GIVEN MATERIAL
========

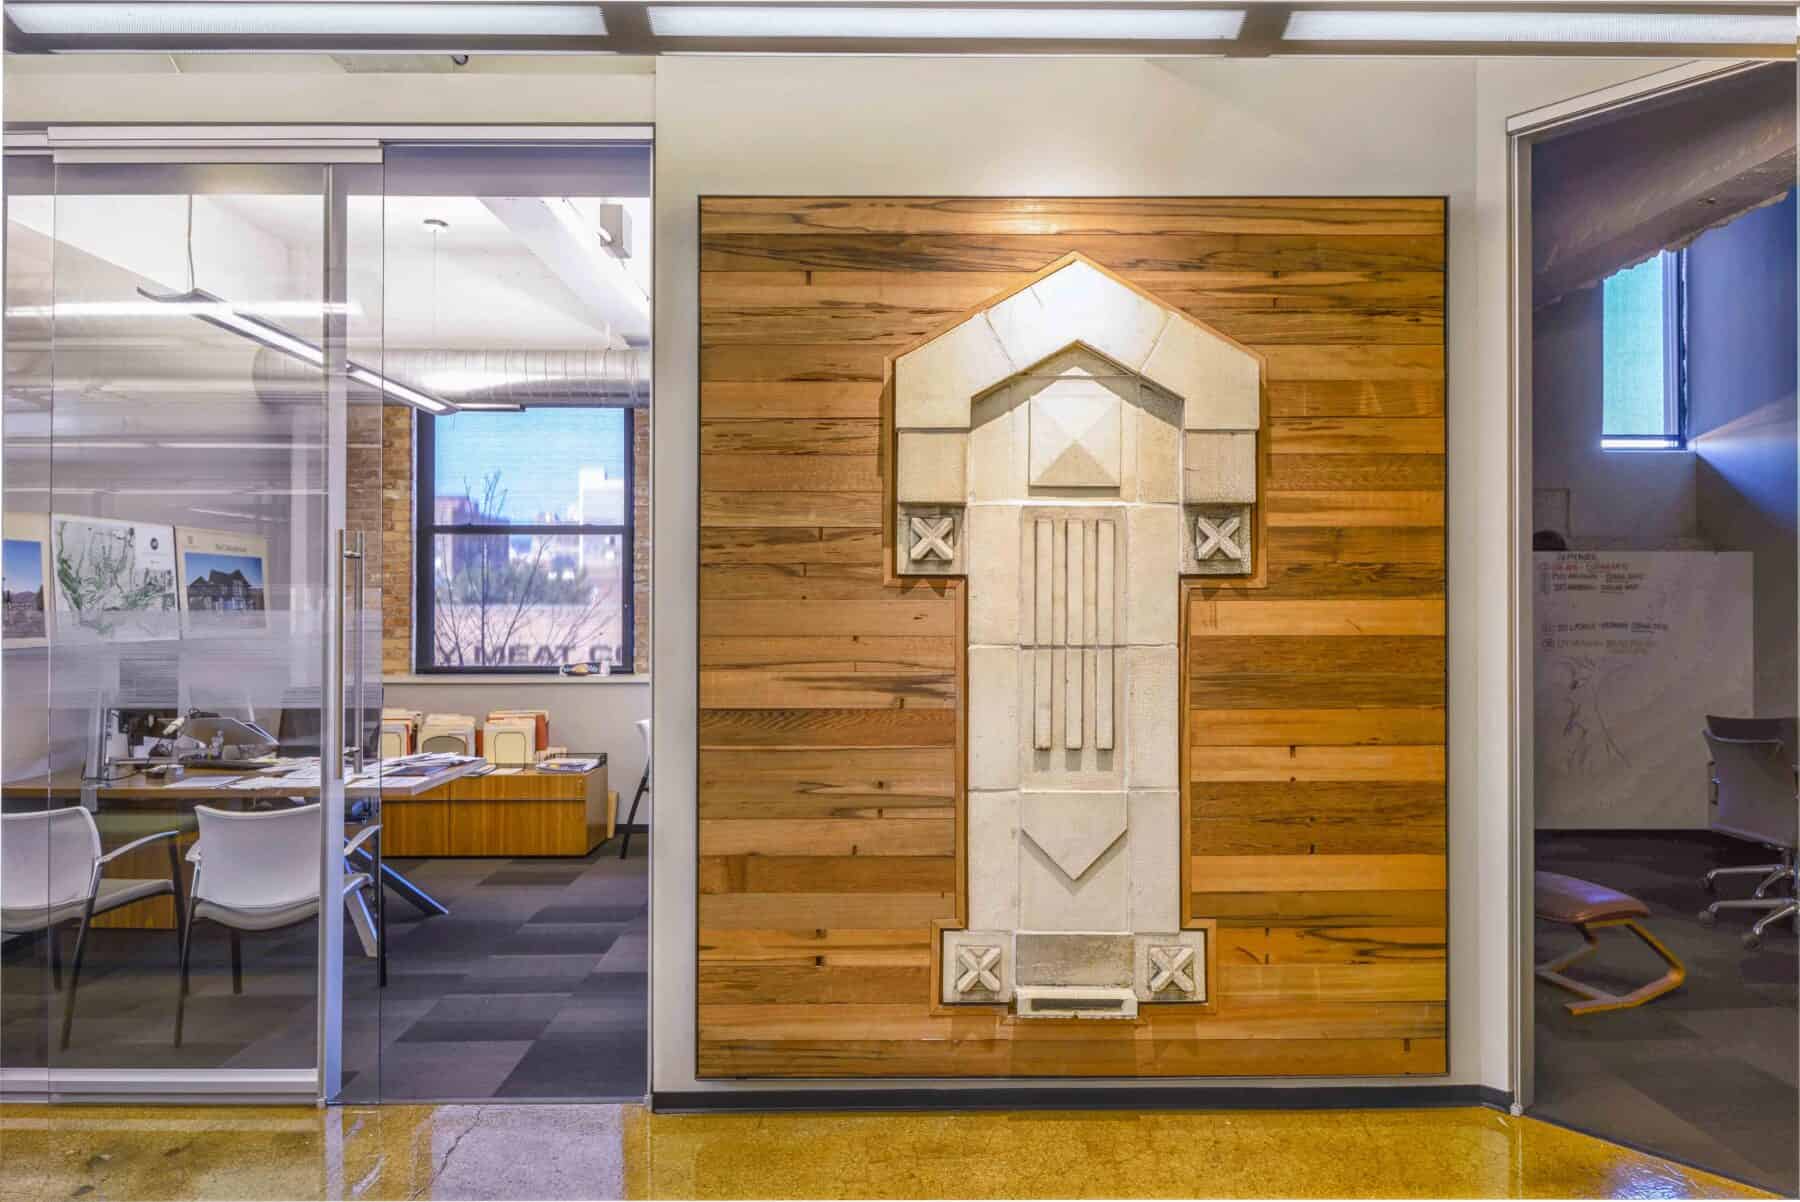 Historic Stone Artifact Restored and Encased in Custom Reclaimed Wood from Custom Featured Wall of Artifacts Encased in Reclaimed Wood from Construction Specialty Projects by Commercial Builder & General Contractor Structural Enterprises
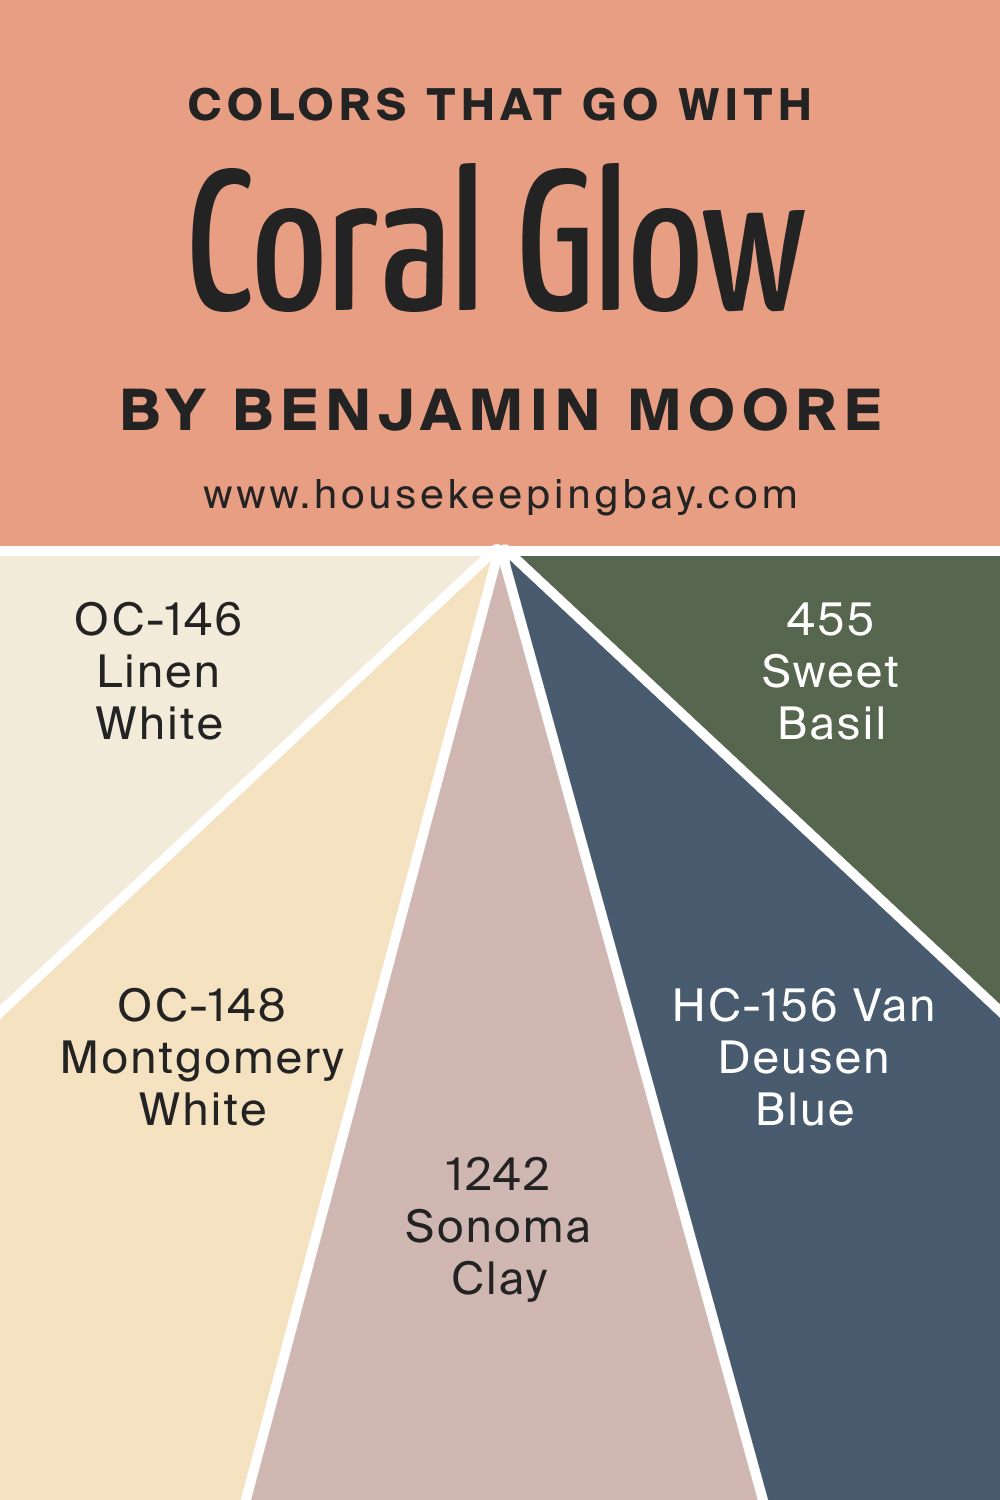 Colors that goes with Coral Glow 026 by Benjamin Moore
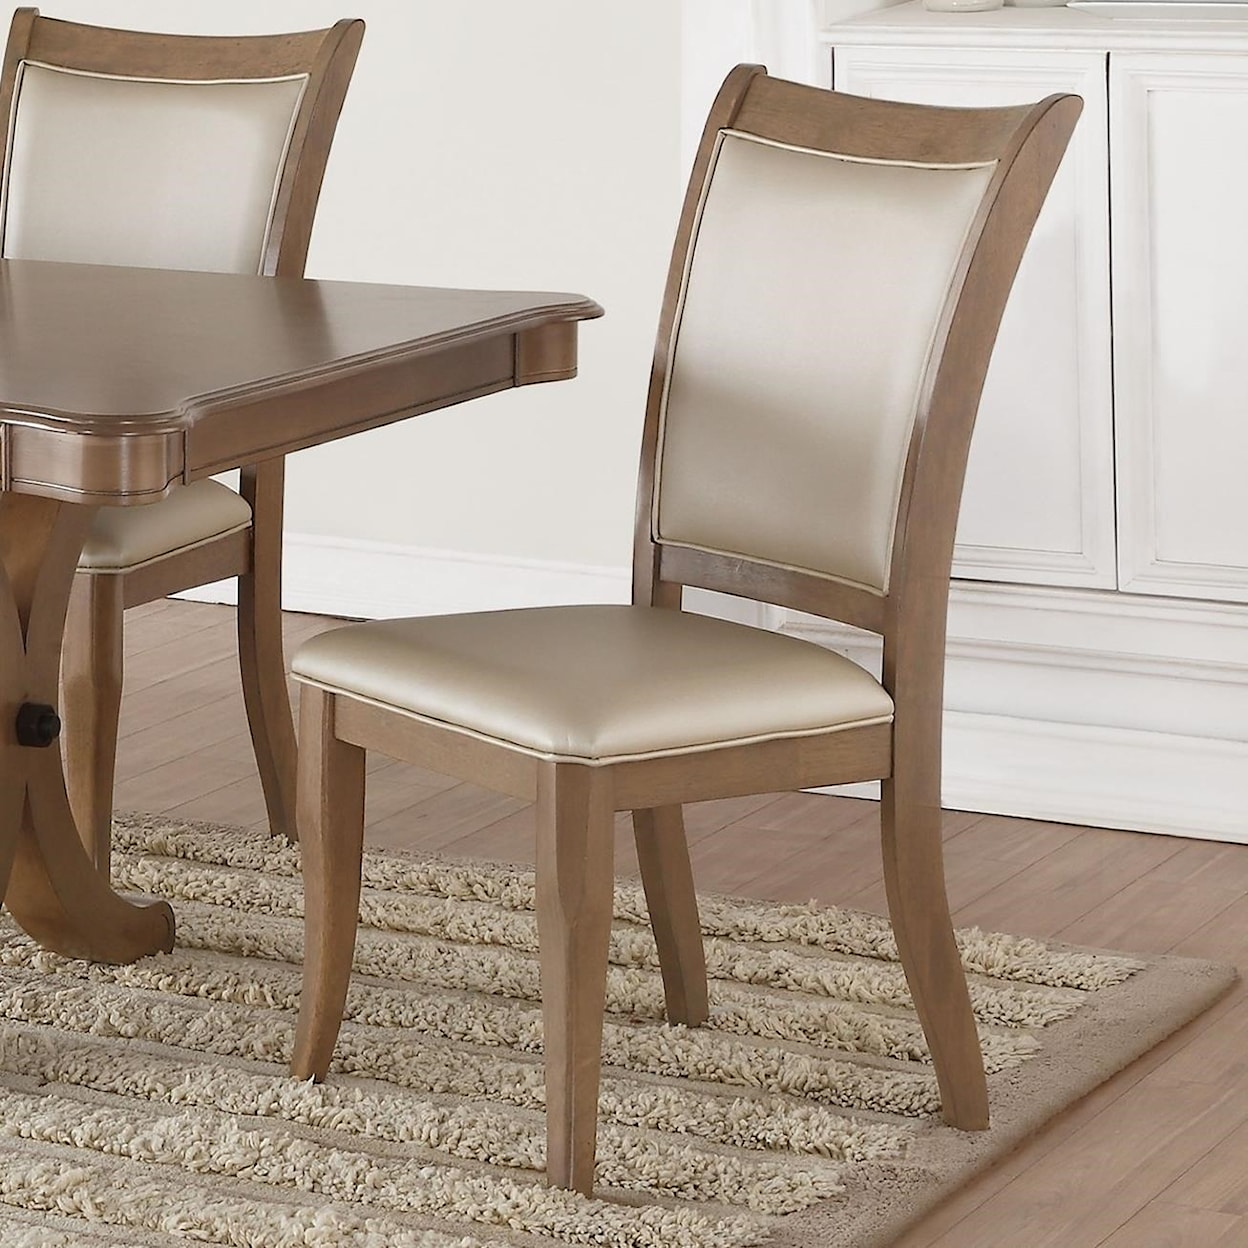 Acme Furniture Harald Dining Side Chair 2-Pack

========

TASK DIRECTIONS
Give back every line of the material exactly as written, but not the pictures.

EXERCISE RESULT
 Historic Stone Artifact Restored and Encased in Custom Reclaimed Wood from Custom Featured Wall of Artifacts Encased in Reclaimed Wood from Construction Specialty Projects by Commercial Builder & General Contractor Structural Enterprises
 Colors that goes with Coral Glow 026 by Benjamin Moore
 Acme Furniture Harald Dining Side Chair 2-Pack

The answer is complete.